The researchers drew attention to the potential role of Galβ1-3GlcNAc structures that are slowly accumulated in chronic disease states such as type 2 diabetes or hypertension, in the higher risk of SARS-CoV-2 infection among such patients. This could be due to the increased binding affinity of one of these GCDs to Gal-related glycans such as the above.
They suggest that some mutations at glycosylation sites in the proximity of the RBD could result in a larger area of exposure, promoting its binding to ACE2 binding and thus facilitating viral invasion.
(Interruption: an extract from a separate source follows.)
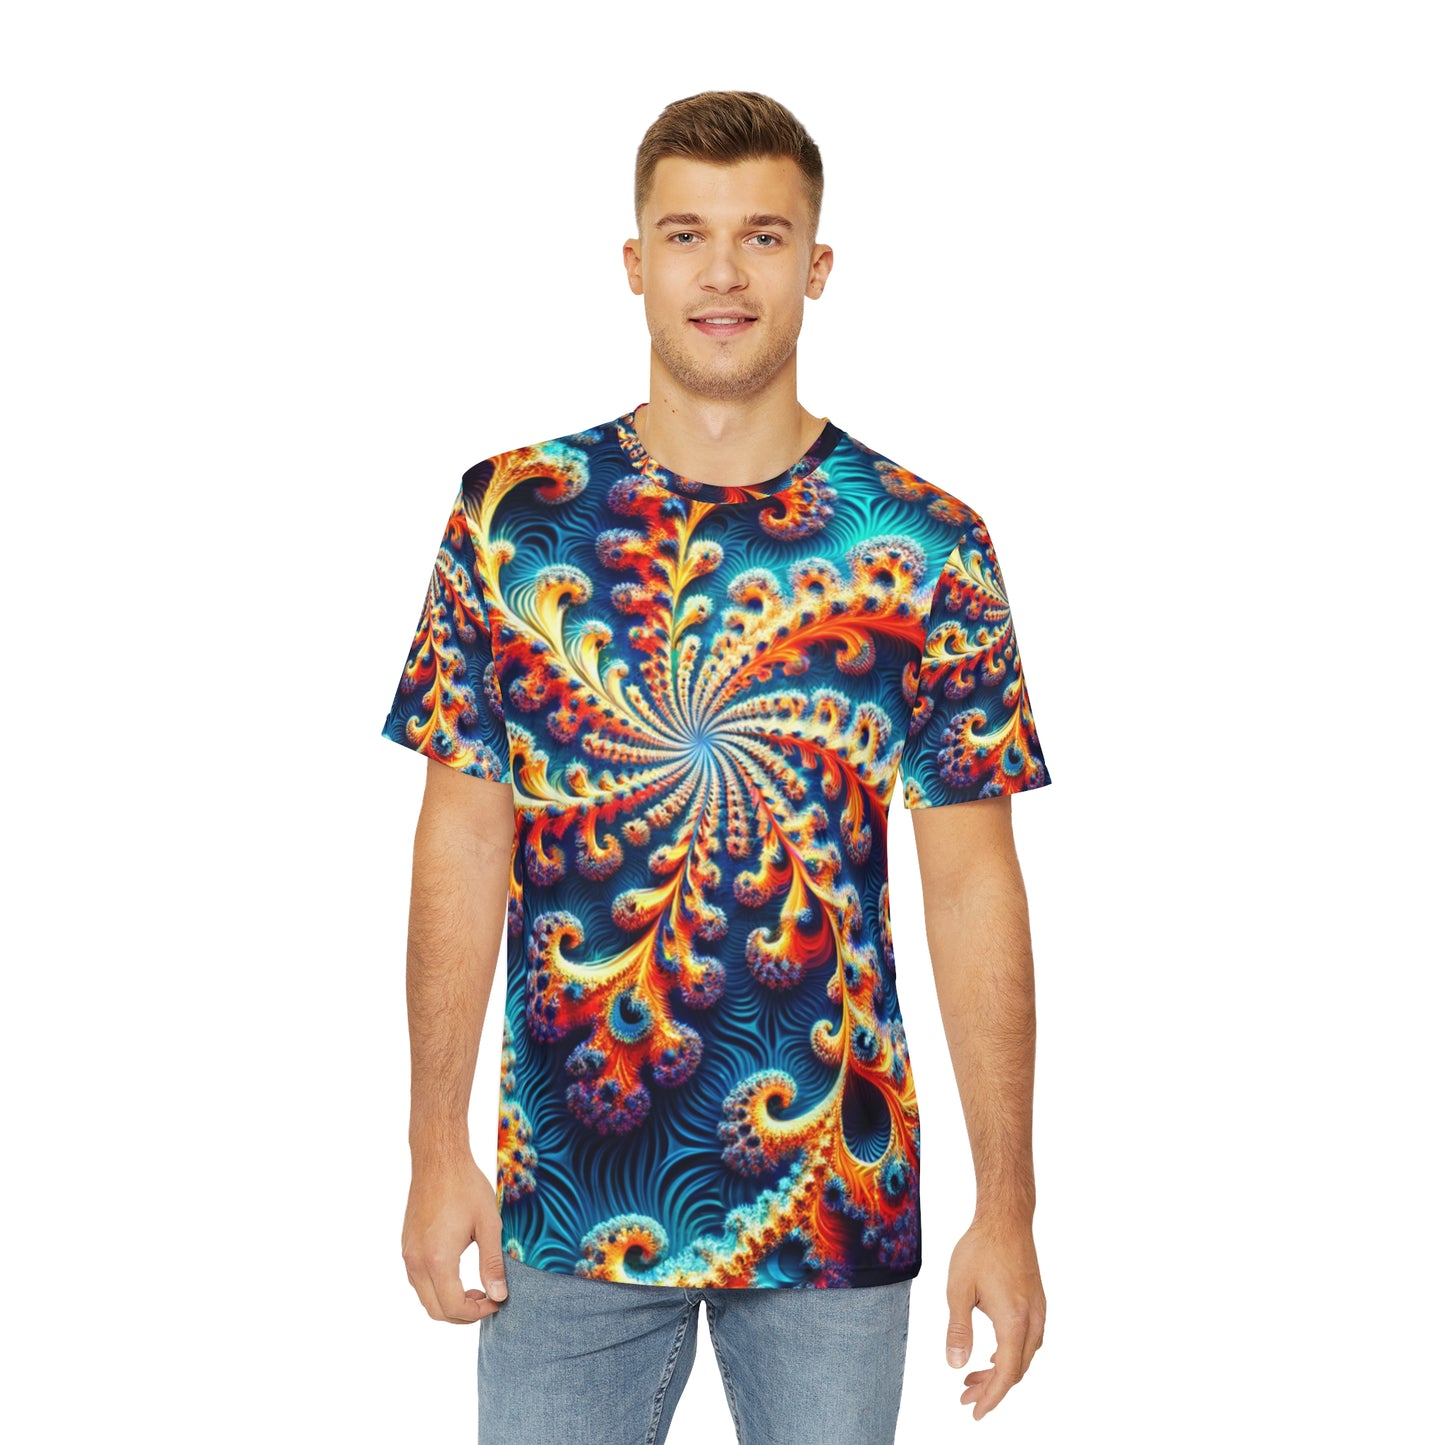 Front view of the Iridescent Nautilus Swirls Crewneck Pullover All-Over Print Short-Sleeved Shirt blue red yellow orange green swirl pattern paired with casual denim pants worn by a white man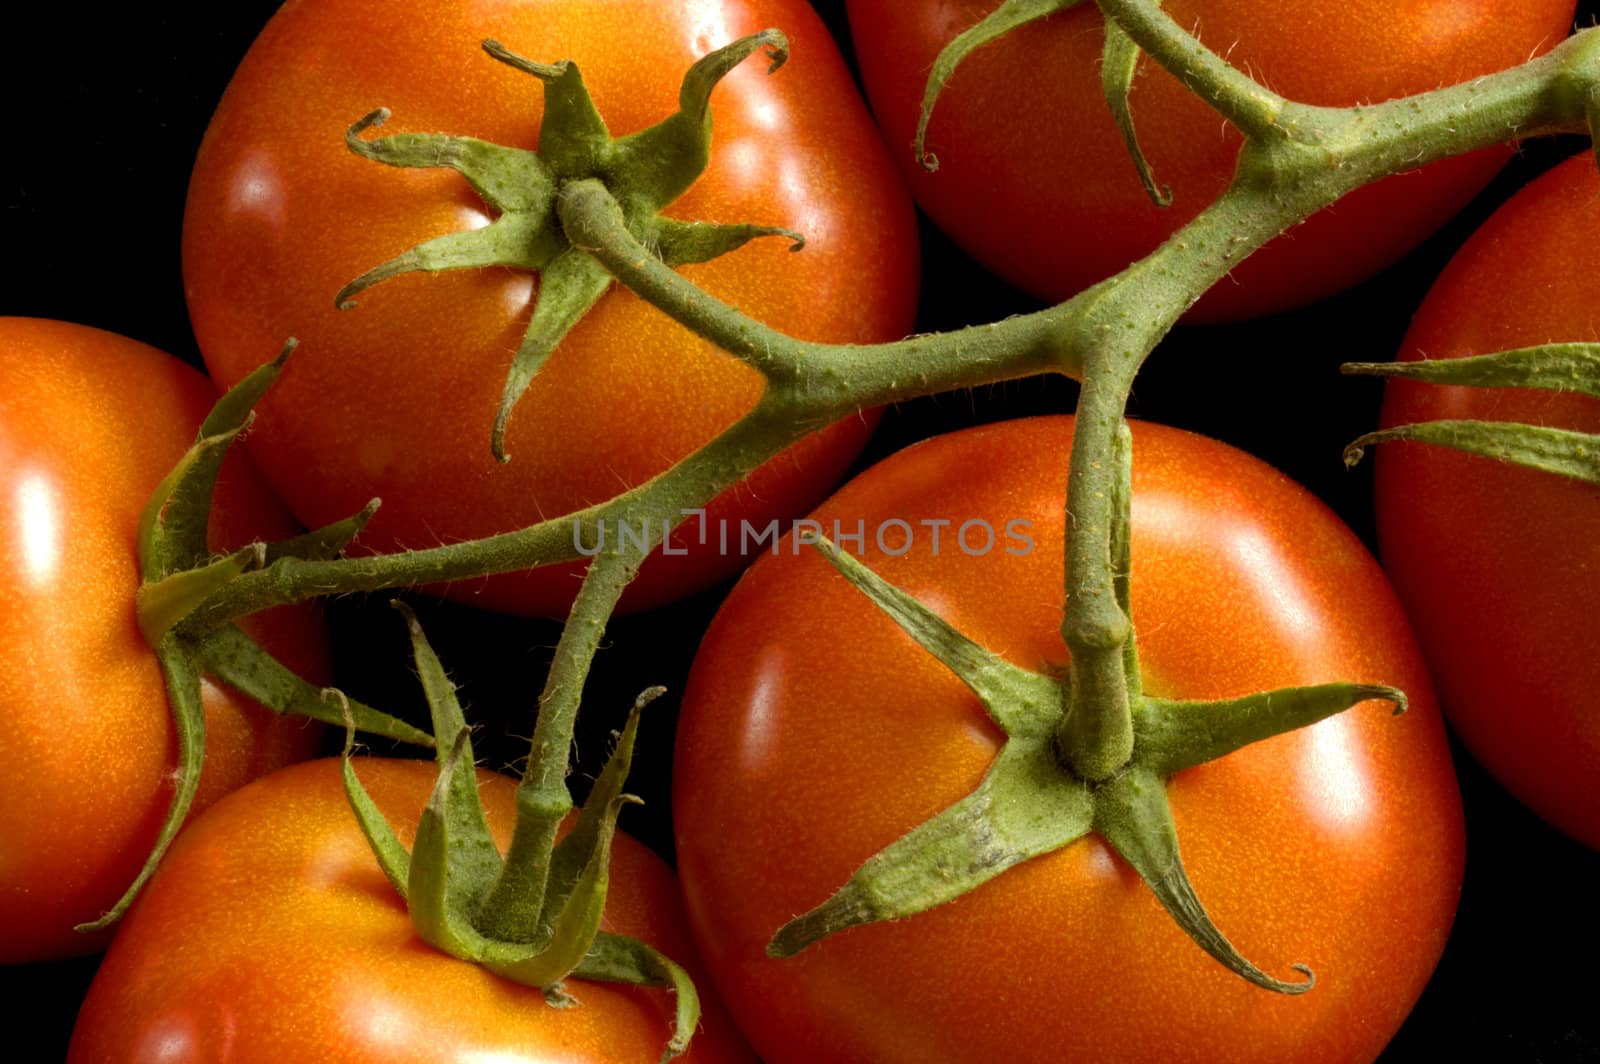 Tomatoes on the vine by Bateleur

What are the Implications?
The researchers have drawn a picture of the distribution and the functions of the N-glycosylation sites in SARS-CoV-2, and the potential GCDs in its spike protein. They indicate the possibility of a dual binding mechanism, because of the high N-glycan density around the RBD-ACE2 interface, via protein-protein interaction between the RBD and ACE2 proteins, and glycan-protein interaction between the N-glycan and the first GCD1.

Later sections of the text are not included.